> _SUPPLIED MATERIAL_
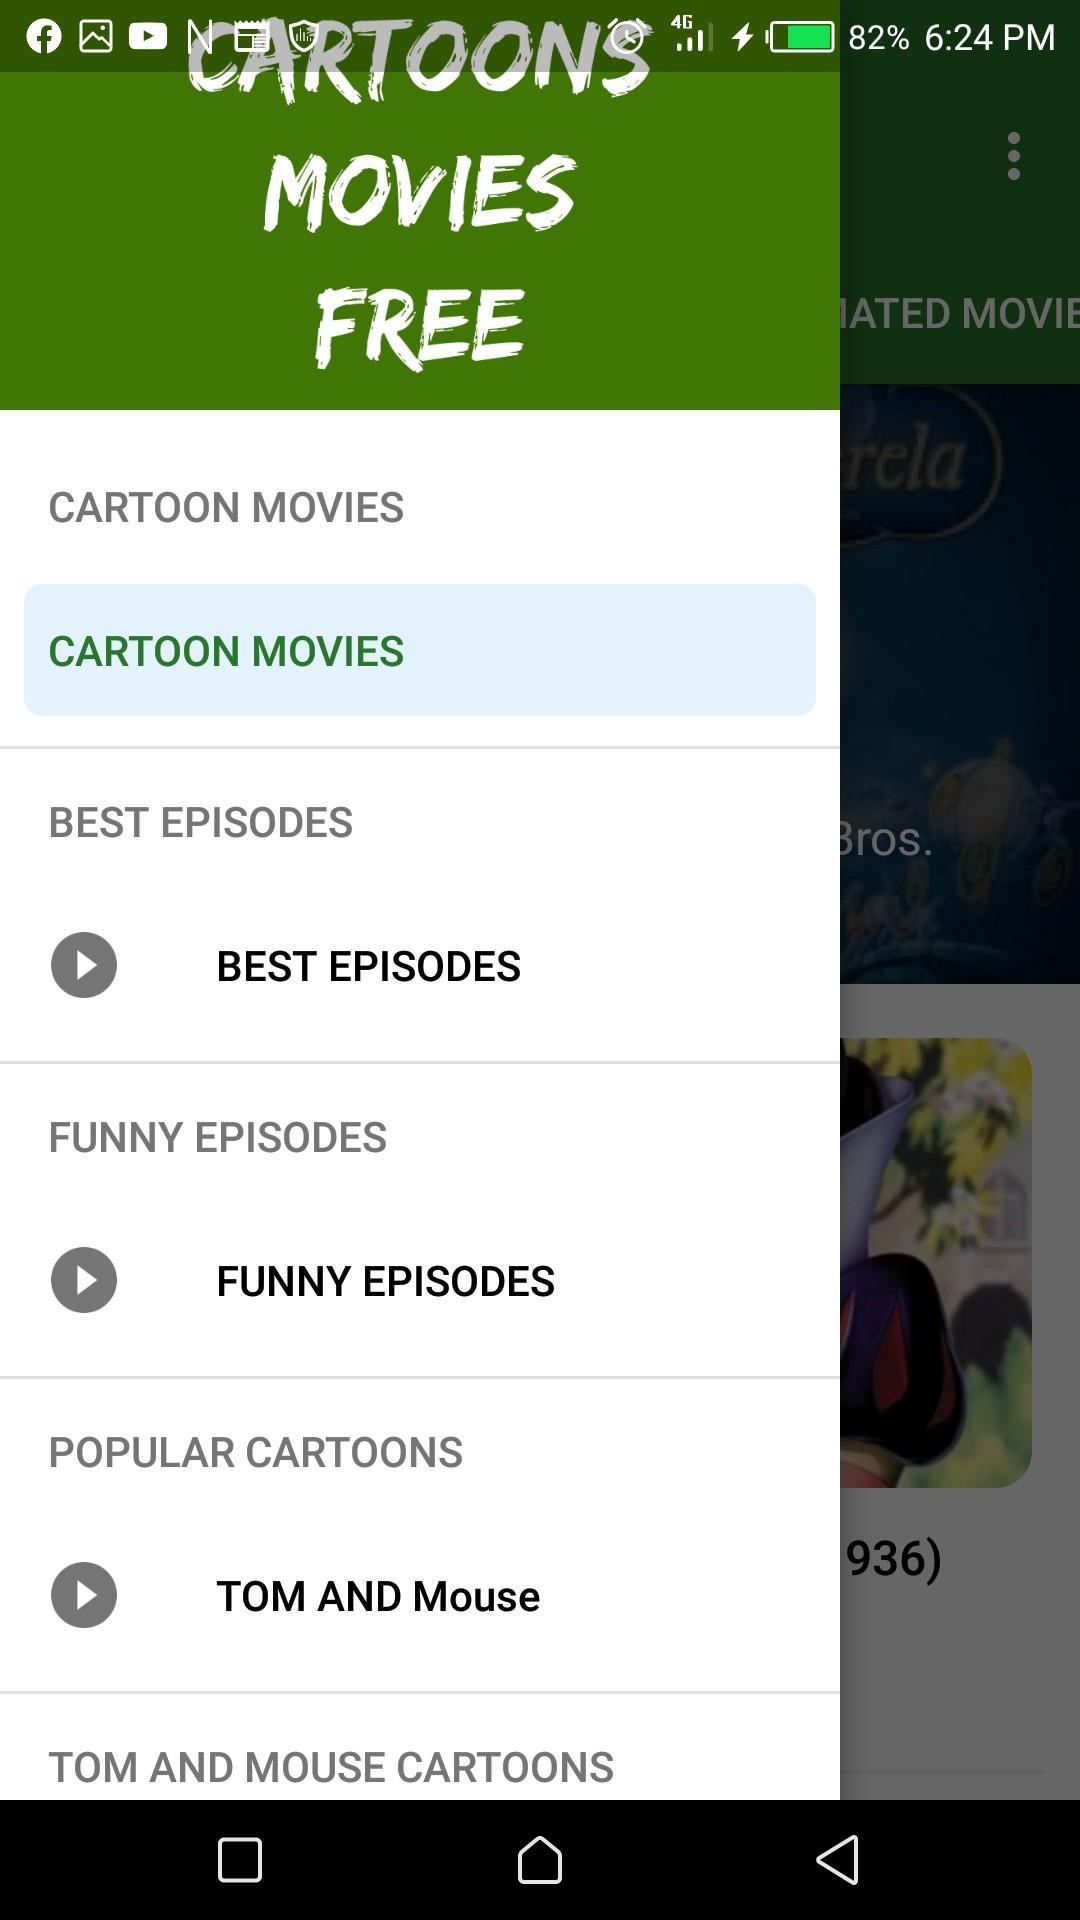 Cartoon Movies free - Watch free cartoons for Android - APK Download
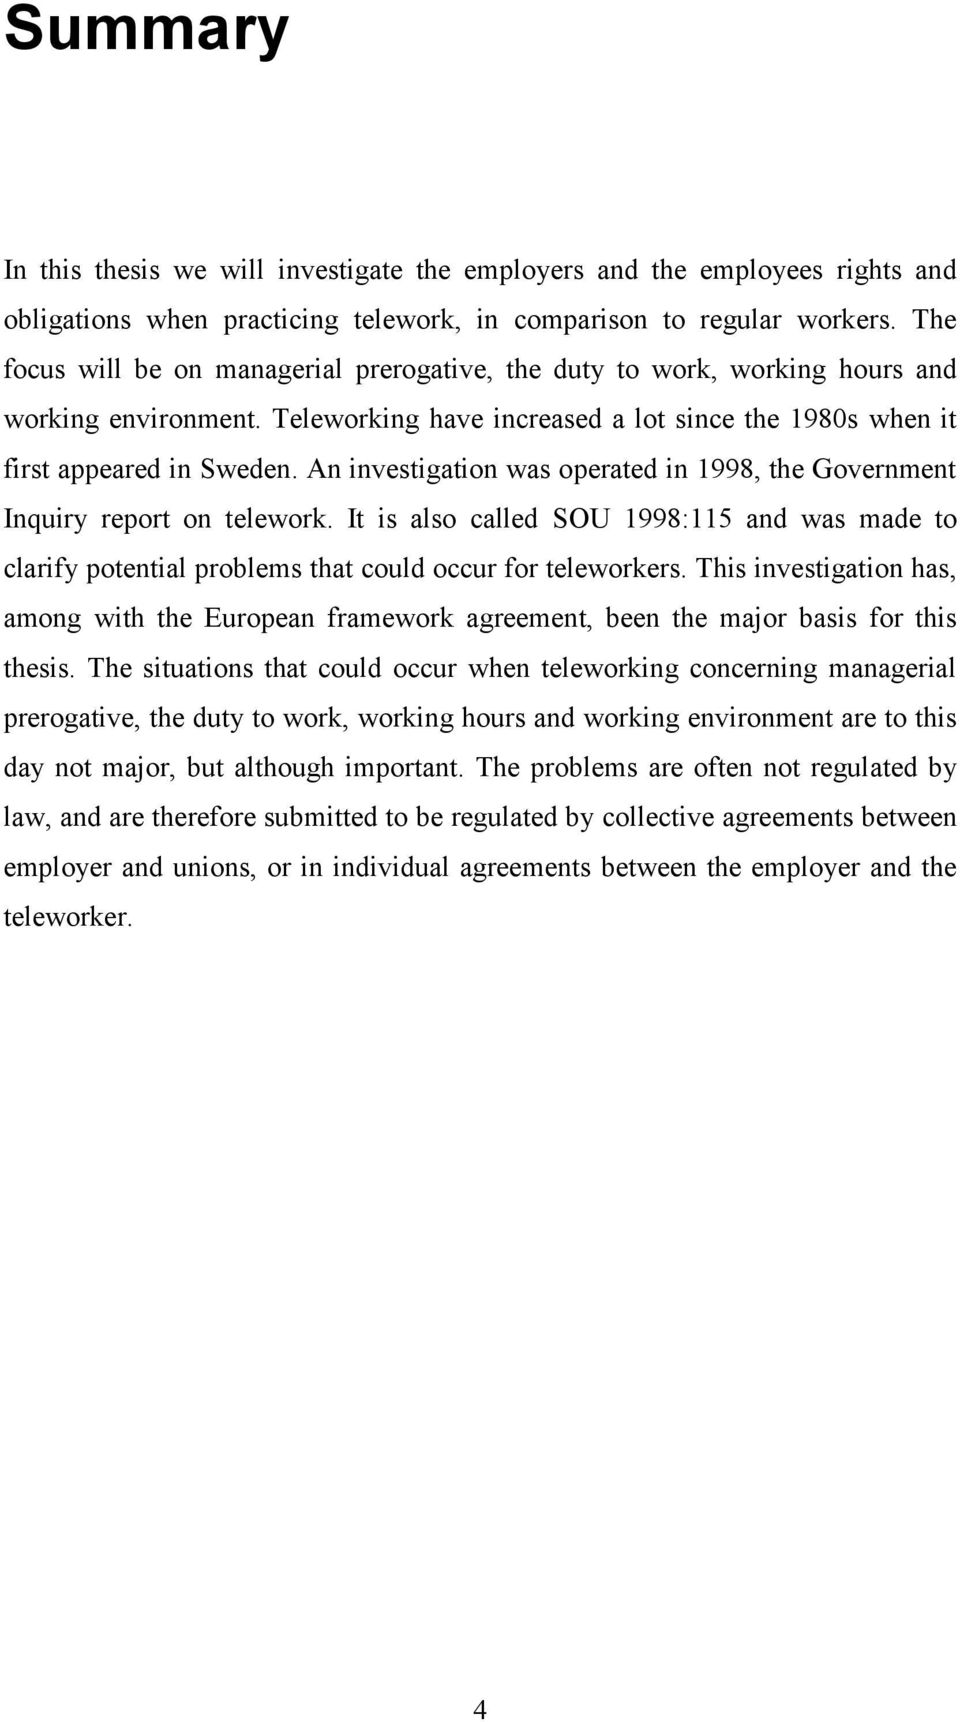 An investigation was operated in 1998, the Government Inquiry report on telework. It is also called SOU 1998:115 and was made to clarify potential problems that could occur for teleworkers.
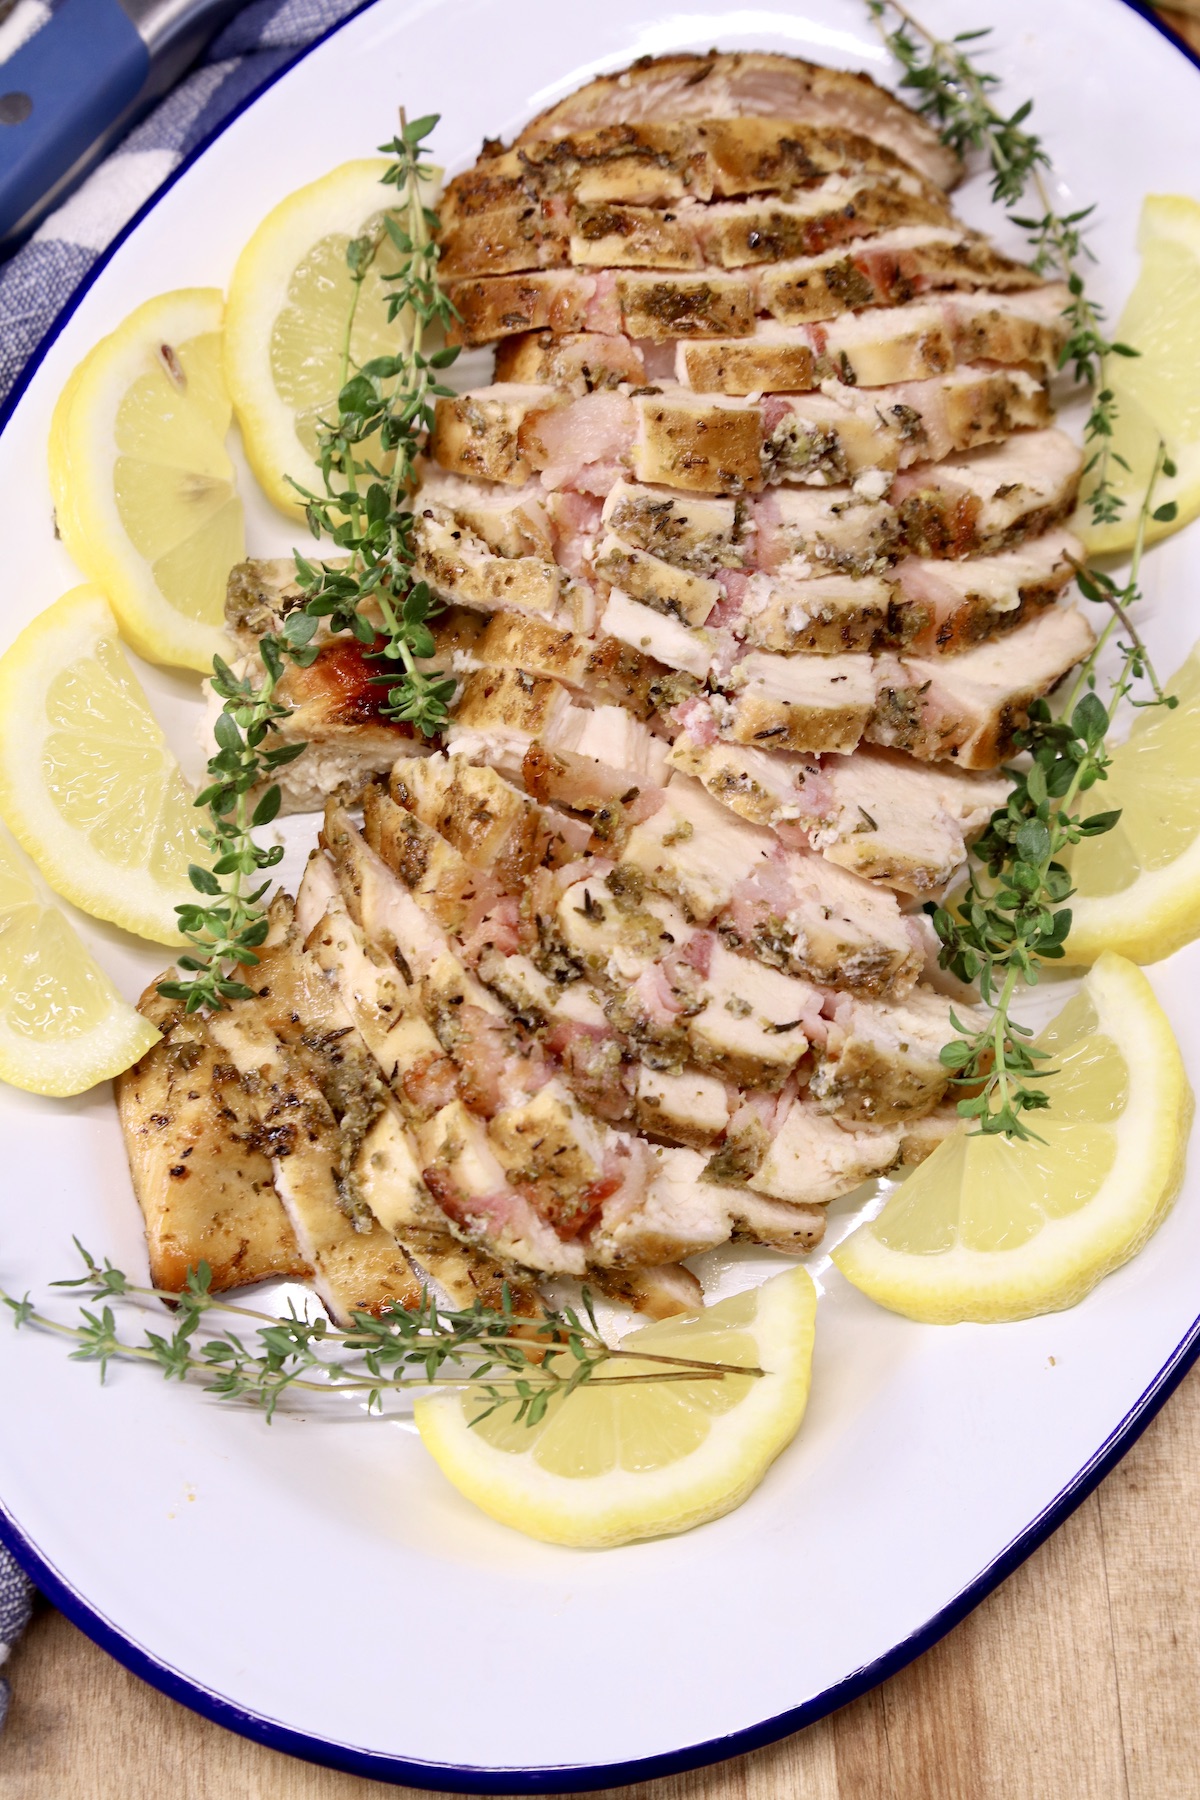 Platter of sliced chicken with lemon and thyme garnish

> _THE TASK_
Give all the lines above again, character for character, without pictures.

> _ANSWER BOX_
 Cartoon Movies free - Watch free cartoons for Android - APK Download
 An investigation was operated in 1998, the Government Inquiry report on telework. It is also called SOU 1998:115 and was made to clarify potential problems that could occur for teleworkers.
 Platter of sliced chicken with lemon and thyme garnish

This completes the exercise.